Teaching

Kernel-based Learning to Rank with Syntactic and Semantic Structures

Abstract

In recent years, machine learning (ML) has been more and more used to solve complex tasks in different disciplines, ranging from Data Mining to Information Retrieval (IR) or Natural Language Processing (NLP). These tasks often require the processing of structured input. For example, NLP applications critically deal with syntactic and semantic structures. Modeling the latter in terms of feature vectors for ML algorithms requires large expertise, intuition and deep knowledge about the target linguistic phenomenon. Kernel Methods (KMs) are powerful ML techniques (see e.g., [5]), which can alleviate the data representation problem as they substitute scalar product between feature vectors with similarity functions (kernels) directly defined between training/test instances, e.g., syntactic trees, (thus features are not needed anymore). Additionally, kernel engineering, i.e., the composition or adaptation of several prototype kernels, facilitates the design of the similarity functions required for new tasks, e.g., [1, 2]. KMs can be very valuable for IR research, e.g., KMs allow us to easily exploit syntactic/semantic structures, e.g., dependency, constituency or shallow semantic structures, in learning to rank algorithms [3, 4]. In general, KMs can make it easier the use of NLP techniques in IR tasks.

Summary of the Content

This tutorial aims at introducing essential and simplified theory of Support Vector Machines (SVMs) and KMs for the design of practical applications. It describes effective kernels for easily engineering automatic classifiers and learning to rank algorithms, also using structured data and semantic processing. Some examples are drawn from well-known tasks, i.e., Question Answering and Passage Re-ranking, Short and Long Text Categorization, Relation Extraction, Named Entity Recognition, Co-Reference Resolution. Moreover, some practical demonstrations are given with SVM-Light-TK (tree kernel) toolkit. More in detail, best practices for successfully using KMs for IR and NLP are presented according to the following outline:

(i) a very brief introduction to SVMs (explained from an application viewpoint) and KM theory (the essential content for understanding practical procedures).
(ii) Presentation of kernel engineering building blocks, such as linear, polynomial, lexical, sequence and tree kernels, by focusing on their function, accuracy and efficiency rather than their mathematical characterization, so that they can be easily understood.
(iii) Illustration of important applications for which kernels achieve the state of the art, i.e., Question Classification, Question and Answer (passage) Reranking, Relation Extraction, coreference resolution and hierarchical text categorization. In this perspective kernels for reranking will be presented as an efficient and effective approach to learning dependencies between structured input and output.
(iv) Practical exercise on quick design of ML systems using SVM-Light-TK toolkit, which encodes several kernels in SVMs.
(v) Summary of the key points to engineer innovative and effective kernels starting from basic kernels and using systematic data transformations.
(vi) Presentation of the latest KM findings: kernel-based learning on large-scale with fast SVMs, generalized structural and semantic kernels and reverse kernel engineering.

References
[1] A. Moschitti. Efficient convolution kernels for dependency and constituent syntactic trees. In Proceedings of ECML, 2006.
[2] A. Moschitti. Kernel methods, syntax and semantics for relational text categorization. In Proceeding of CIKM, 2008.
[3] A. Moschitti and S. Quarteroni. Linguistic kernels for answer re-ranking in question answering systems. Information Processing and Management, 2011.
[4] A. Severyn and A. Moschitti. Structural relationships for large-scale learning of answer re-ranking. In Proceedings of SIGIR, 2012.
[5] J. Shawe-Taylor and N. Cristianini. Kernel Methods for Pattern Analysis. Cambridge University Press, 2004

Other references are available at the Publication page.
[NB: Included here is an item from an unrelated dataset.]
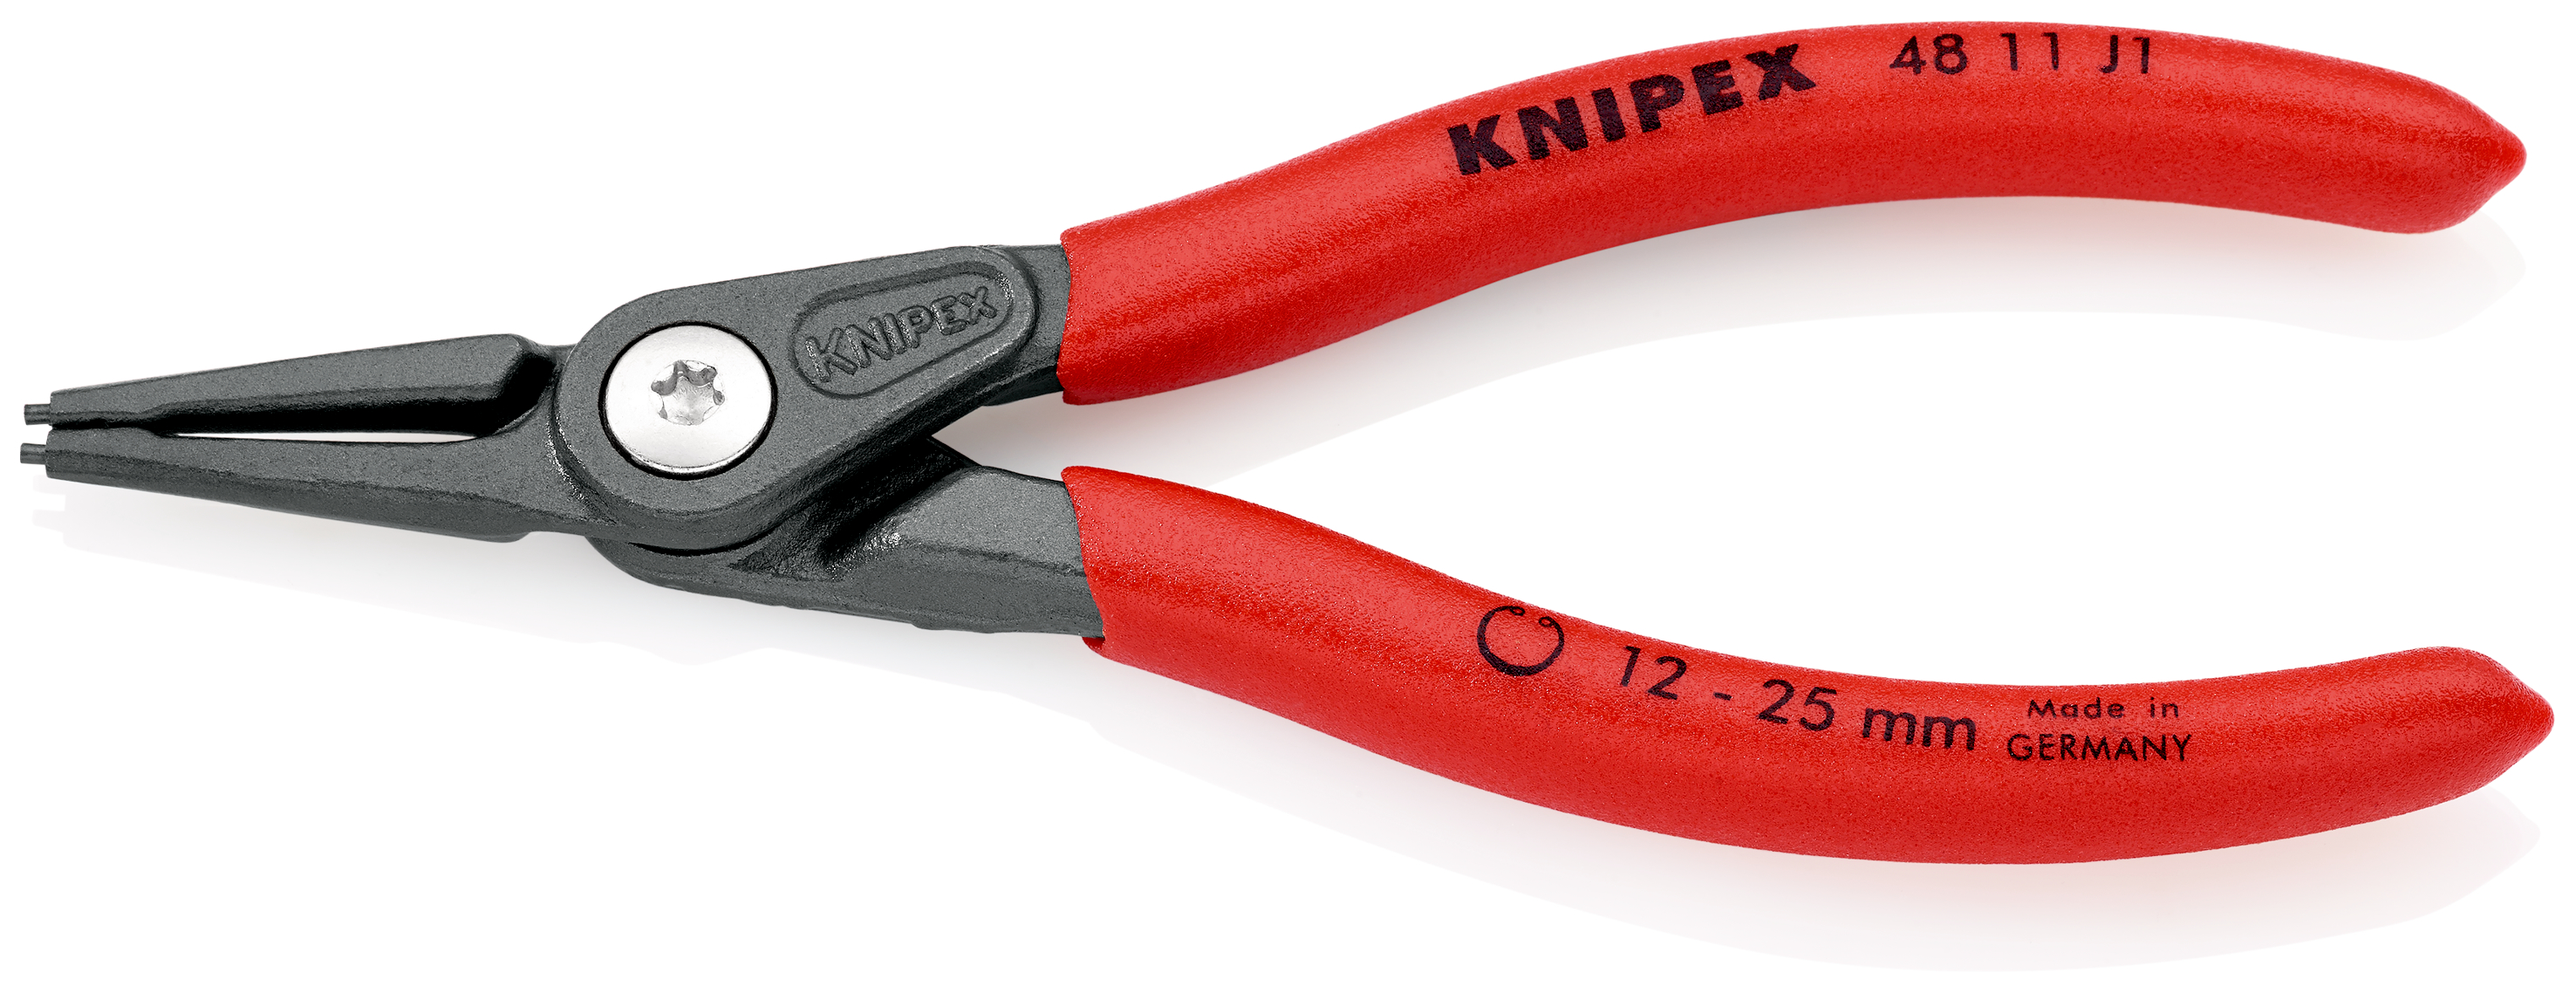 Knipex 4811J1 Cleste pentru inele de siguranta de interior, lungime 140 mm

Tutorial Outline (slightly different from the final one)

Outline and Motivation (10 min)

Kernel Machines (30 min)

- Perceptron

- Support Vector Machines

- Kernel Definition (Kernel Trick)

- Mercer's Conditions

- Kernel Operators

- Efficiency issue: when can we use kernels?

Basic Kernels and their Feature Spaces (35 min)

- Linear Kernel

- Polynomial Kernel

- Lexical Kernels

- String and Word Sequence Kernels

- Syntactic Tree Kernel, Partial Tree kernel (PTK), Semantic Syntactic Tree Kernel, Smoothed PTK

Classification with Kernels (30 min)

- Question Classification using constituency, dependency and semantic structures

- Question Classification (QC) in Jeopardy!

- Relation Extraction

- Coreference Resolution

Break (30 min)

Practical Exercise with SVM-Light-TK (30 min)

- The kernel toolkit, SVM-Light-TK

- Experiments in classroom on Question Classification

- Inspection of the input, output, and model files

- Passage reranking exercise (if there is time left)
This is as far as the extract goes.